AVAILABLE RECORDS
-----
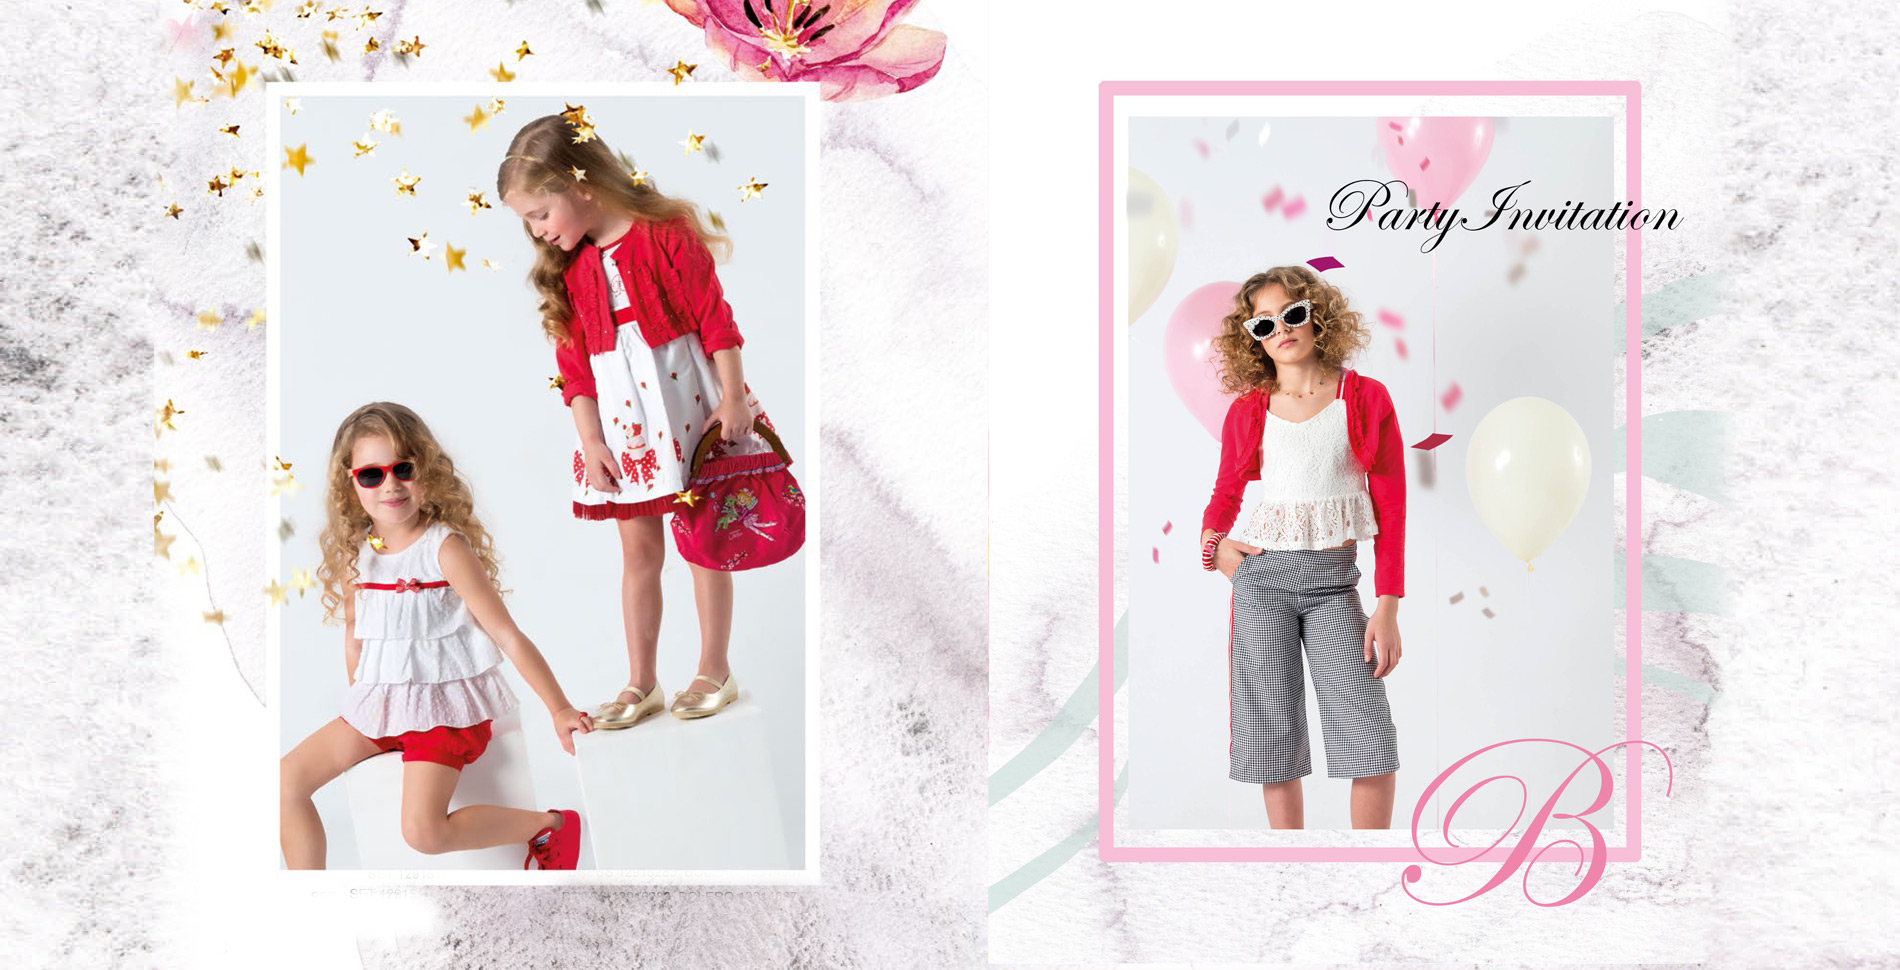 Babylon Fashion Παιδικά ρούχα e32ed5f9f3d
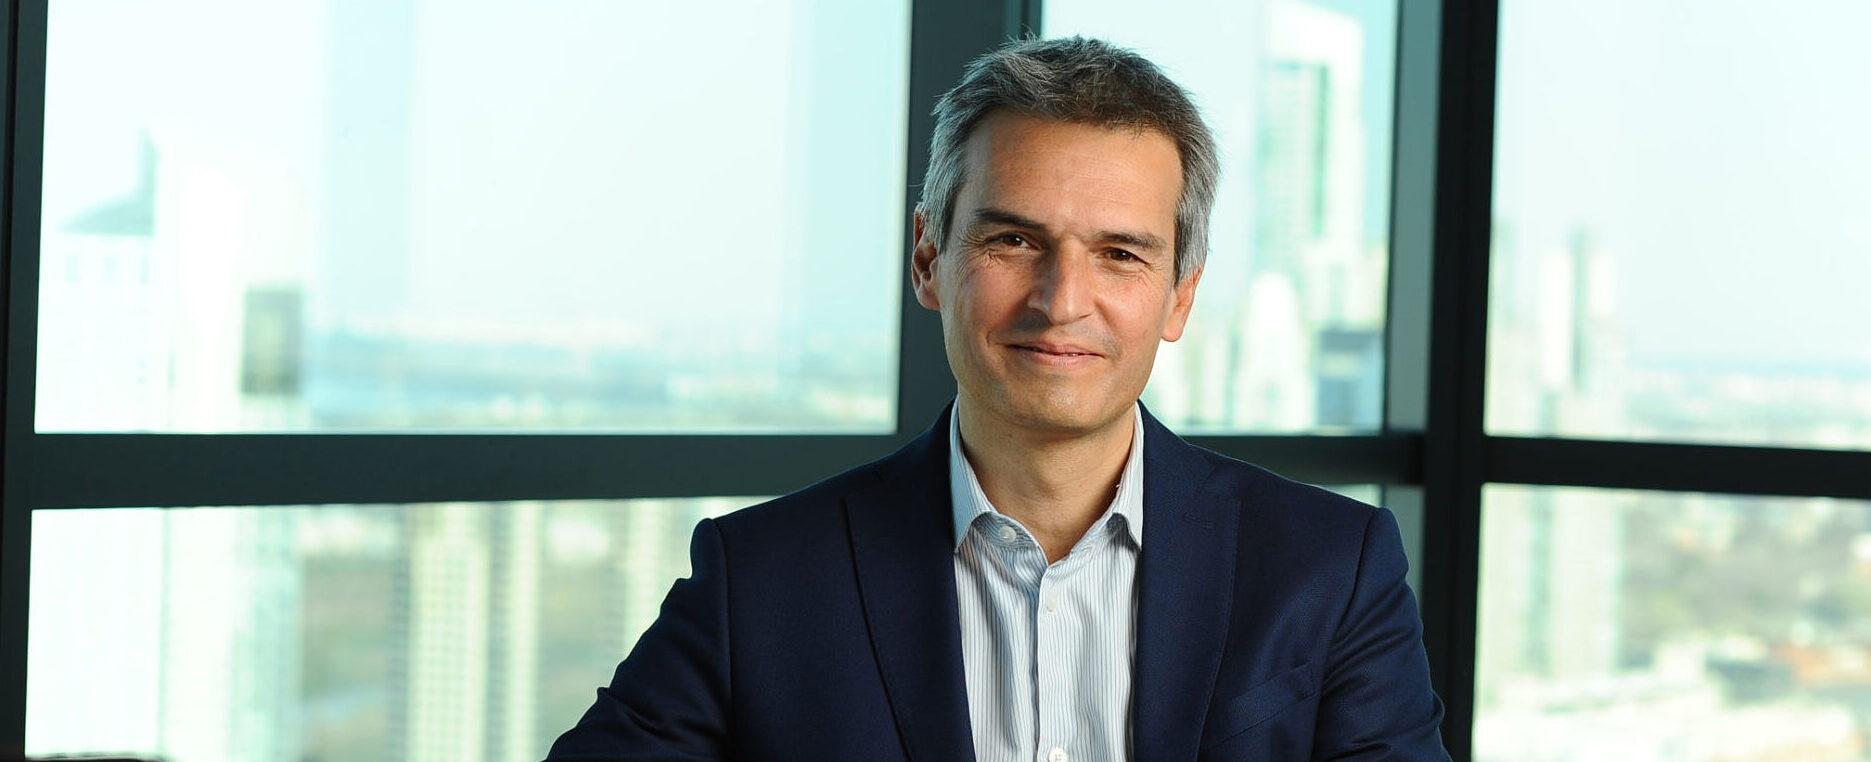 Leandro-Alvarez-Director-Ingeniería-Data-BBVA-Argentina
-----
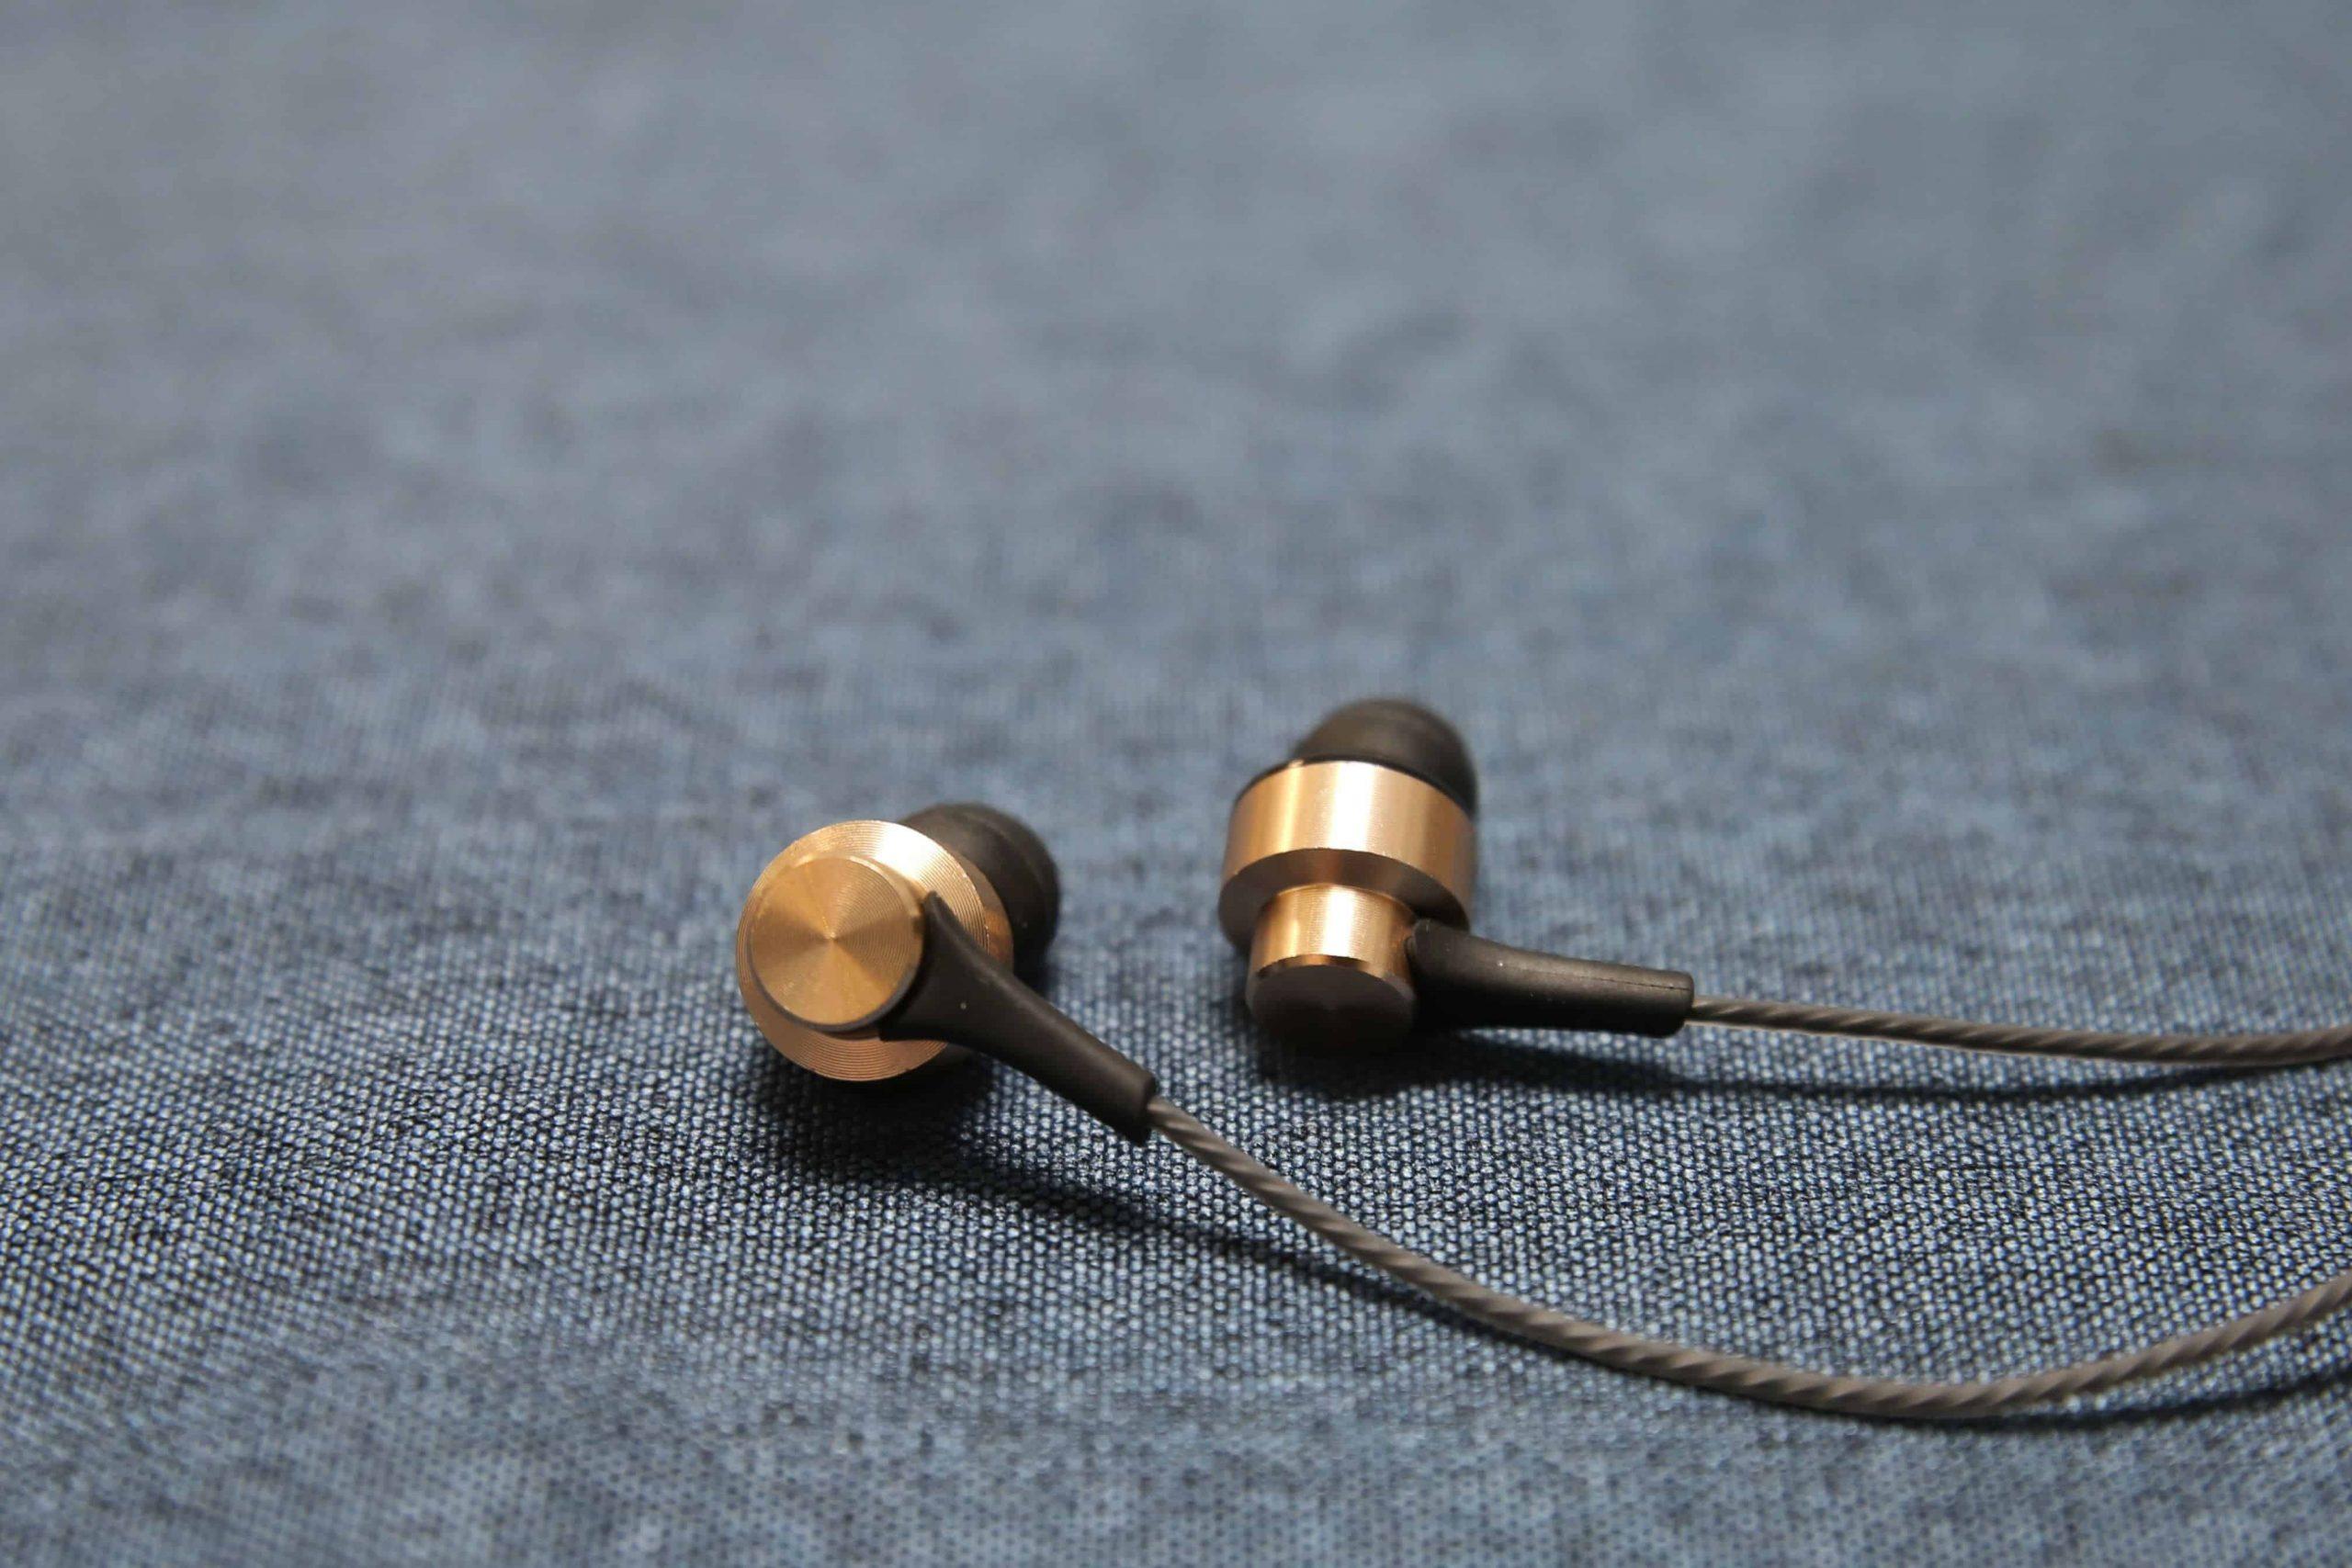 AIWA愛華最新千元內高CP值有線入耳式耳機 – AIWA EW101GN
-----
WHAT YOU ARE ASKED TO DO
In the listing above, find the line containing "Babylon Fashion Παιδικά ρούχα e32ed5f9f3d". Output it and every line after it up to and including the line containing "Leandro-Alvare", exactly, but skip the pictures.

PROBLEM SOLUTION
 Babylon Fashion Παιδικά ρούχα e32ed5f9f3d
 Leandro-Alvarez-Director-Ingeniería-Data-BBVA-Argentina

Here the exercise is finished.